As for the medics, I'm glad I'm not in a position to be berated for failing to report Toxic's gastroenterologists to the GMC.

I'd also like to add that my own GP seems pretty clued up. He has been pretty good with the problems we've run in to where we've needed specific items best obtained from the NHS, rather than anywhere else!


Anonymous said...

"I really appreciate the thoughtful, informative (if sometimes over my understanding level) commentary on Hyperlipid."

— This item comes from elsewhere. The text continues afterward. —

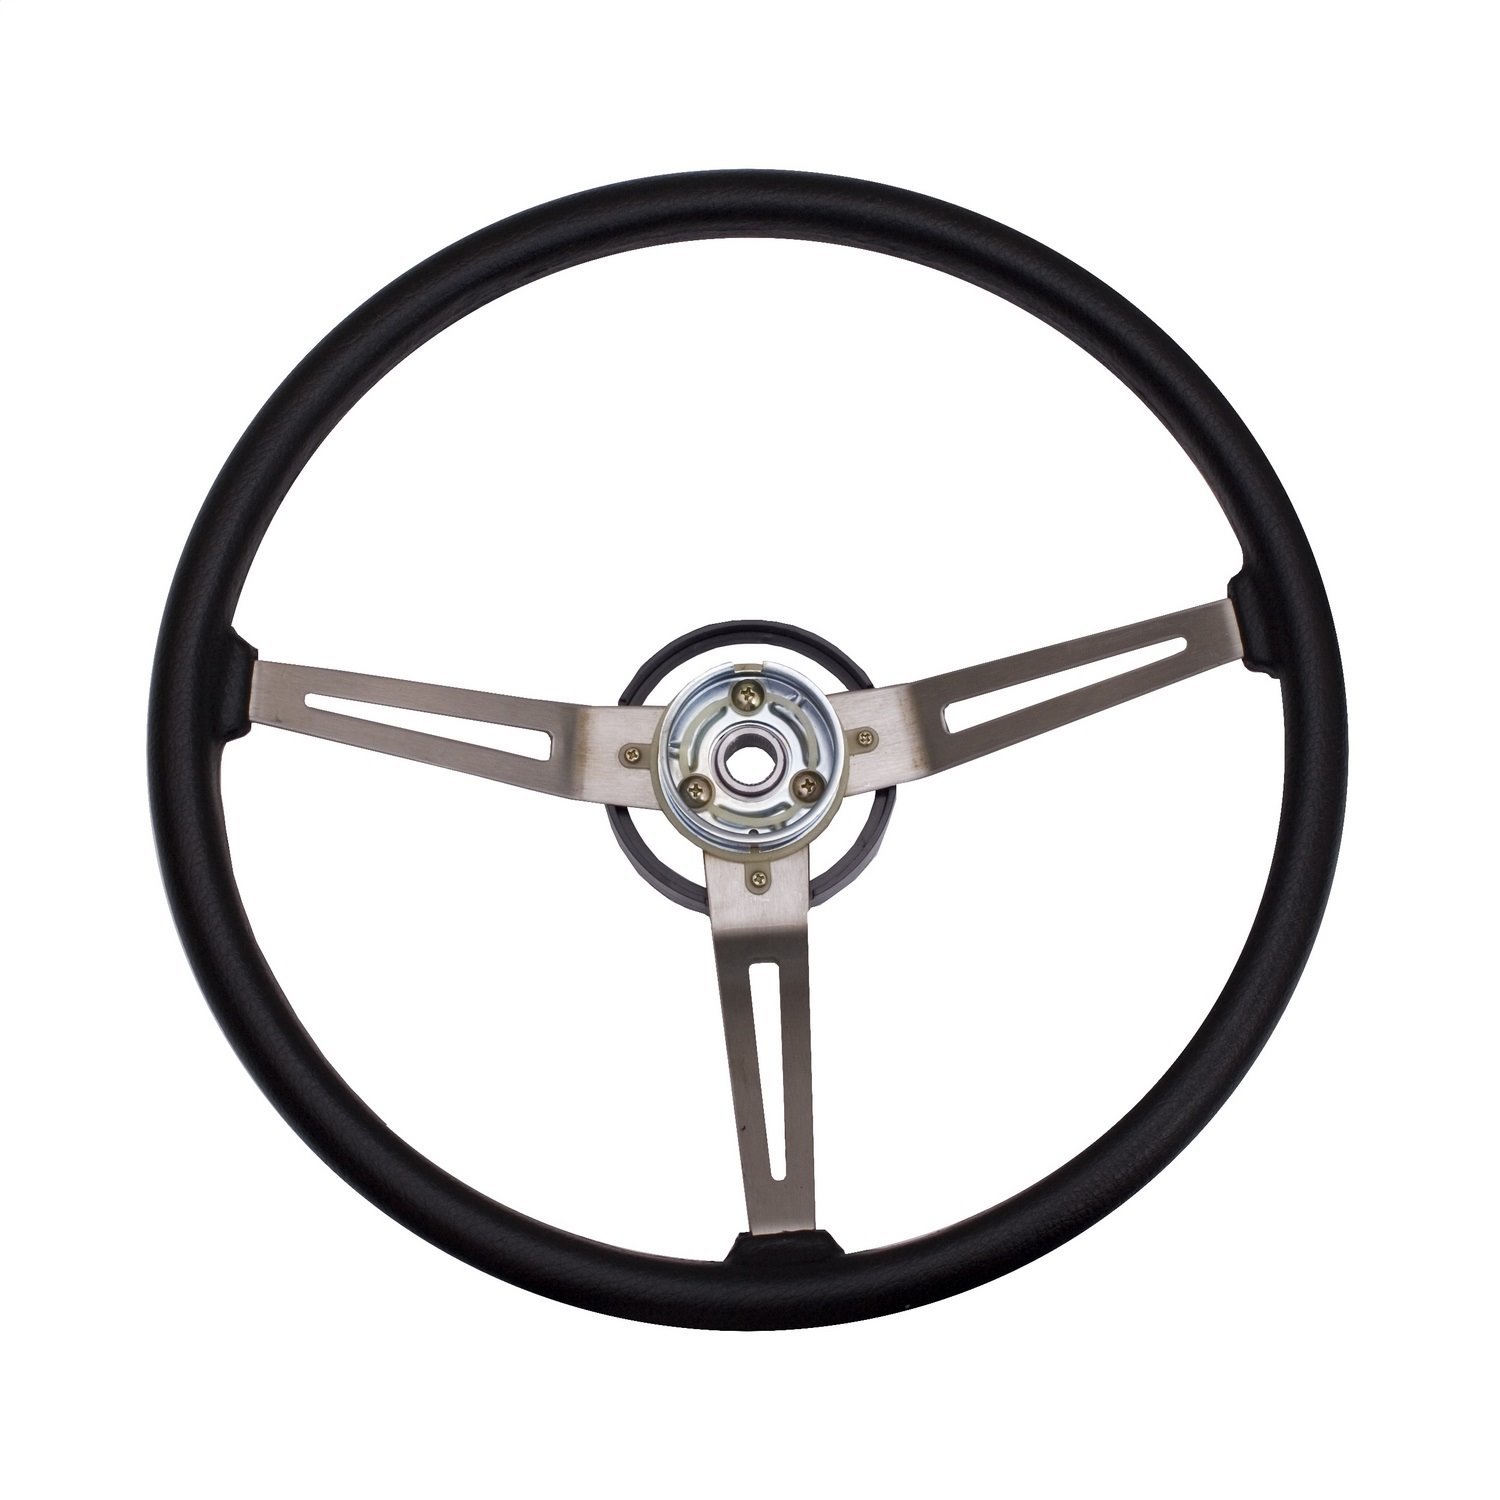 This black vinyl steering wheel from Omix-ADA fits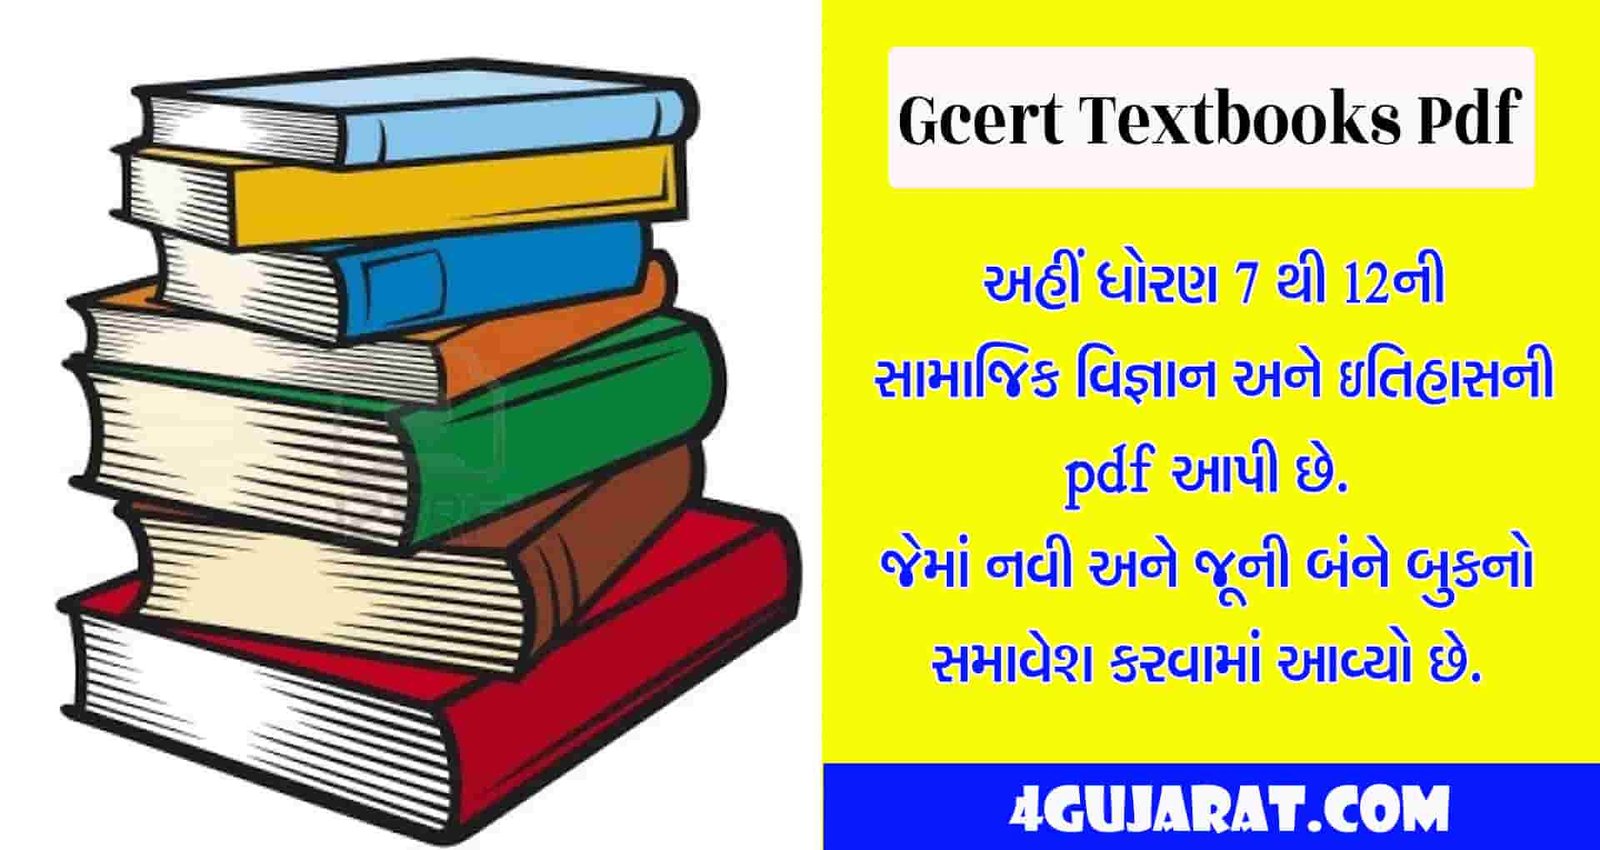 Gcert-books-pdf-download-in-gujarati

I second that. Only a few comments here go over my understanding, but they are usually thought-provoking and informative.

frank said...

Thanks Peter for that link - quite entertaining. I share Dr Briffa's generally very low opinion of dietitians having worked with many over the years. "Got cancer? Here have some more sugar!" Or, "have this soy bean emulsion TPN intravenously - you'll soon be feeling better".
A study (I can't immediately put my hands on)demonstrated that nurses were just as effective as dietitians in preventing diabetes complications, despite little or no "formal" nutritional training (most likely because of).
One dietitian harridan attacked me at a work dinner - she eavesdropped on a private conversation - she grabbed me by the arm and screeched "there's no such thing as good cholesterol" in a thoroughly disturbing manner.
The British Dietetic Manual states that trans fatty acids are metabolised in the same way as saturated fats and that wheat is pretty much essential to life! Catherine Collins RD is full of poop. She's now chief dietitian of St George's (where I trained) - be very afraid!

Peter said...

Hi Frank,

When you get immersed in nutrition the answers become so blindingly obvious that I often feel that blogs like Hyperlipid are about to become irrelevant. Most of the answers are in Pubmed. The causes and managements of so many diseases are written on the supermarket walls in letters 5 feet high. Someone with macular degeneration could read them if they have any of their peripheral vision available. But while we have registered dietitians of this calibre Hyperlipid is probably safe from redundancy.

Re the obstipatory aspects of a certain person's bowel habits. I would agree, it does seem to show in her personality. Ah, whole grain opioids, a bit like a self retaining methadone suppository, back to Trainspotting again.


Dr. B G said...

OMG... you guys KILL me (more than whole grains) *he hee*


Melodie said...

Interesting, give a special kind of diet for epileptics (not the purified stuff), give a special diet for both diabetes types, give a special diet for cealiac disease, give a special diet for high performance athletes...give a special diet to the average person: HF/LC is the way to go!

The fact that something can help the pathological as well as the healthy, indicates the naturalness of such woe.

raphi said...

Hi Peter,

Just came across this old post of yours while commenting on the more recent ones.

In case you maintained a peripheral interest in the gluten question, here's my breakdown ( of a 2013 double-blind cross-over study on gluten's effects whilst controlling for FODMAPs.
In a nutshell, the nocebo effect is VERY strong; gluten always has some measure of guilt although it seems highly context dependent.
I still don't think anybody should eat gluten but certainly, many people can do so with little (known) impact.